His composure was put to the test, as was the four-shot lead he had to start the day. He bogeyed the first hole, yet regained his footing with birdies at 2, 8 and 9. But the second nine was a different story, as he had bogeys on four of the final seven holes.

Ramping up the drama was that he was paired with San Diego’s Xander Schauffele, who is ripe to win a major. He has finished in the top 10 in seven of his 14 majors, and in the top five in five of those. It felt like the tide was turning when Schauffele tore off four consecutive birdies on holes 12 through 15.

Matsuyama felt compelled to go for it in two on the par-five 15th, but his approach with a scorched four iron came in low and hot, sailed over the green, and rolled into the water behind it.

“It was a four-stroke lead, and I felt I needed to birdie 15 because I knew Xander would definitely be birdieing or maybe even eagling,” Matsuyama said. Instead, he had to scramble to bogey the hole, Schauffele birdied, and it was down to two strokes.

Then came Schauffele’s meltdown. His tee shot on the par-three 16th bounced back into the water, and after taking a drop, he hit his next shot over the green and into the gallery. He wound up with his first triple bogey in a major.

Schauffele didn’t lament going for the dangerous pin in the upper-left corner on 16 instead of hitting to the fatter, safer part of the green.

“I was in full chase mode,” he said. “so I have no regrets from that aspect.”

This day, and in fact the whole weekend, belonged to Matsuyama. It was his first tour victory since winning three times in 2017, and he became the seventh player to win both low amateur in the Masters (2011) and a green jacket.

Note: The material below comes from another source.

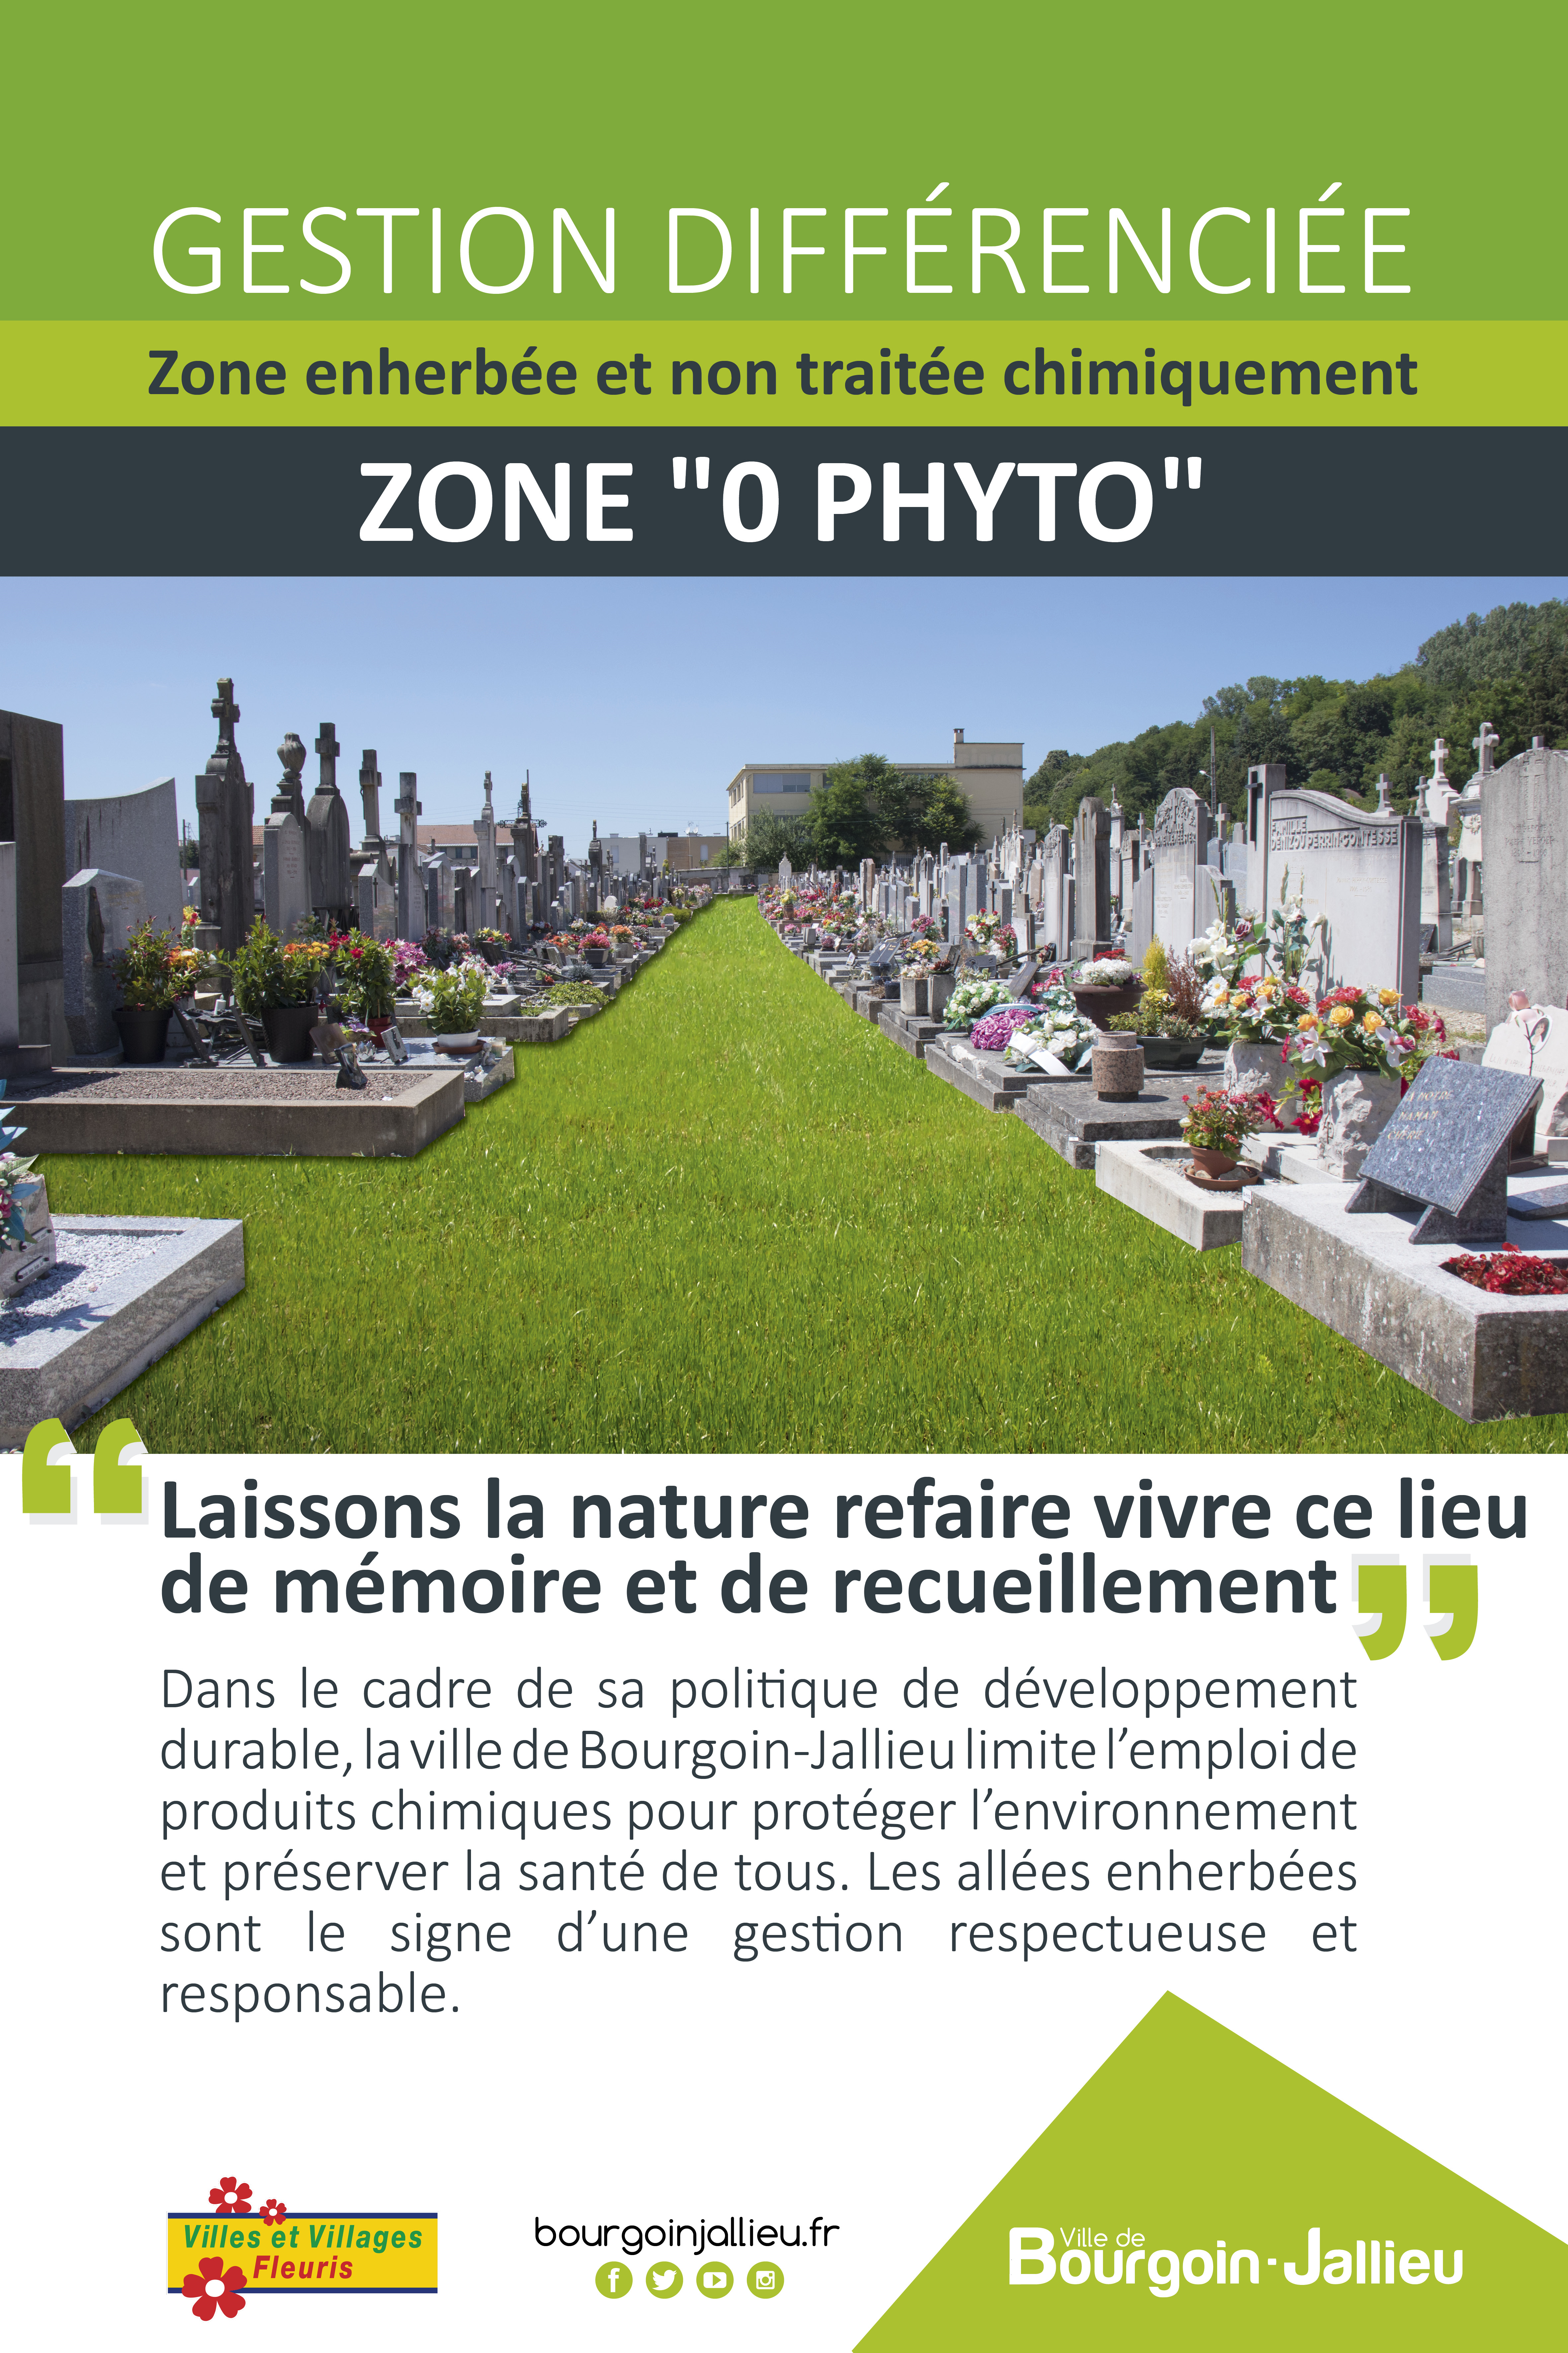 Le zéro phyto dans les cimetières

Hunter, his longtime interpreter, saw the competitive fire in him early.

That glimpse came at the 2013 U.S. Open at Merion, west of Philadelphia, and it had been an arduous week with long shuttle rides and foul weather. Matsuyama had an excellent final round, shooting a 67 to finish his first U.S. Open tied for 10th.

“He got on the shuttle, went to the locker room, cleaned out the locker and started walking to the parking lot, and the practice range was right over by the parking lot,” Hunter recalled. “He said, 'I think I want to hit some balls.’ For the next hour, he gathered as many balls as he could that were left over from the range, hit balls and chipped.

“I knew then that this is somebody special. He had that passion. It was already an endless day. I asked him, 'aren't you tired?’ And he said, 'Bob, they have this beautiful practice range. I can't let it go to waste.’”

Hunter, 68, who learned Japanese while on his Mormon mission to the country in the early 1970s, was a golfer at Waseda University in Tokyo. His calm, measured and soft-spoken demeanor mirrors that of Matsuyama.

“I'm not a translator,” he said. “I can translate word-for-word, [but] I'm an interpreter, so I hear what he's saying and then try to say it in a way that somebody who's an American or speaks English would say the same feeling. Sometimes my words don't match up exactly. But I try to express what he would say if he spoke English.

“It’s more processing it from here,” he said, patting his chest, “rather than here,” tapping his temple.

The head and the heart. In this, the greatest performance of his life, Matsuyama relied on both.